Review of Musically Mad- Francesca Perrone

Once upon time, Hyson Green was musically mad….let’s go back to that Da day!

Once upon time, Hyson Green was musically mad….let’s go back to that Da day!

“Musically Mad” is the title of the film screening shown last week at New Art Exchange. What do we already know about Reggae Sound System? What can we learn from this music? Which kind of considerations come across after having seen this film?

Reggae Sound System is more than a genre of music. Reggae music means identity, roots, love. Therefore, this music teaches us about Jamaicans and their history.

We can learn about their mythical and religious community identity, which is inside of the Rastafarian movement. Therefore, we can understand their constantly searching for a place where to identify their roots and thus their identity. Paying attention to some songs, it is mentioned the place of Jamaican roots, Shashamane in Ethiopia as well as the name of their God, the emperor of Ethiopia Haile Selassie.

When Jamaicans moved to Britain between ’50s and ’80s, they tried to find a way to generate their business in the UK. Initially, they work through Sound System by selling food. Reggae Sound System was also a way to advocate and promote their identity and culture in a country where they struggled to be part of it. Therefore, Jamaicans decided to build Sound System. It became an entertainment for the black community as well as a source of knowledge about what was going on in Jamaica.

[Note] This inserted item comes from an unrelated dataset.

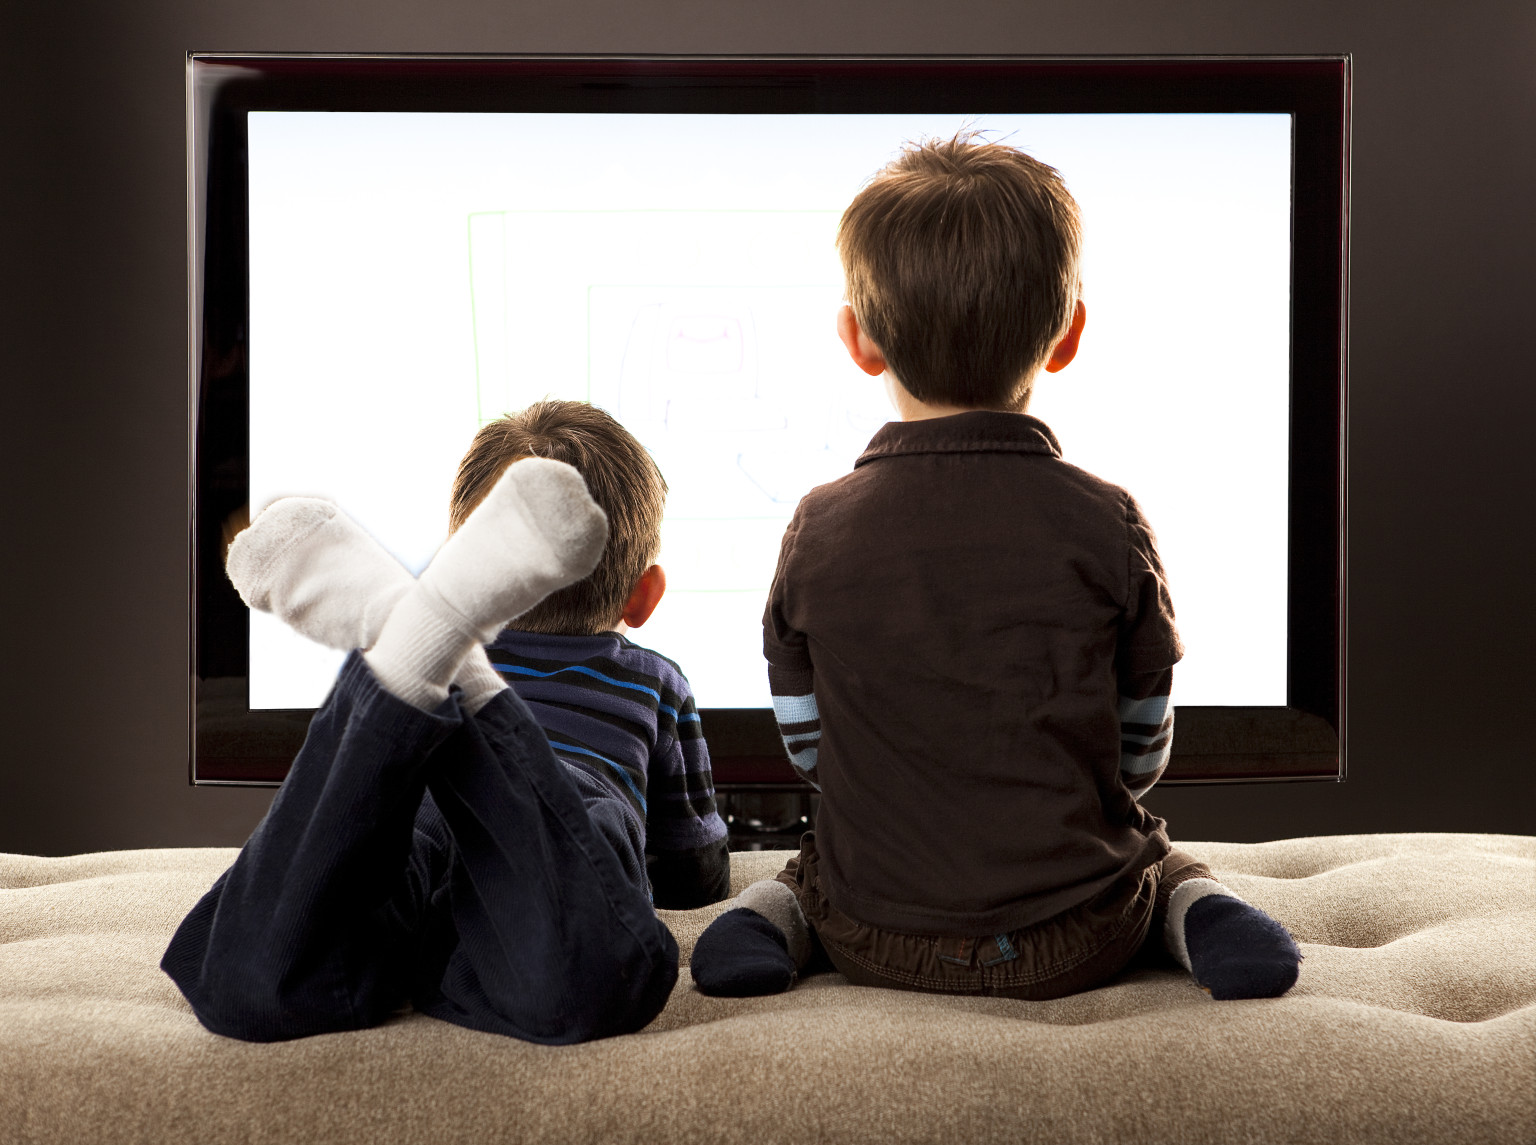 Έρευνα: Τι παθαίνουν τα παιδιά που κάθονται συνέχεια στην τηλεόραση και τον υπολογιστή

In Nottingham, Hyson Green was musically mad. Full of blues parties in private houses, where Jamaicans used to go and forget any problem dancing all night long until the next day. They used to go straight away to work after having spent an entire night on the dance floor. Reggae Sound System was revolutionary, at that stage, because makes a real difference in people’s life. Then people used to go to clubs to have a drink, relax, listen sound system and leave at home any worries or problems. However, this scenario changed when it became a problem for clubs allow people to smoke ganja. Originally ganja was the essence and vibe of this music, so its removal from Sound Systems means to change its content.

Reggae Sound System is hugely changed today. There is not anymore that deep and spiritual connection with the Rastafarian movement. Even though, in the UK there are a lot of Rastafarians, Sound System is massively computerized today. One of the reasons why there is no longer the habit to go to the record shop to catch the new copy among the few provided.

Even though Reggae Sound System is different in its aim and content, it has got still a strong vibe and passion today. Thus, let’s keep dancing in Hyson Green, Nottingham, Jamaica and across the world to this incredible sound!!!!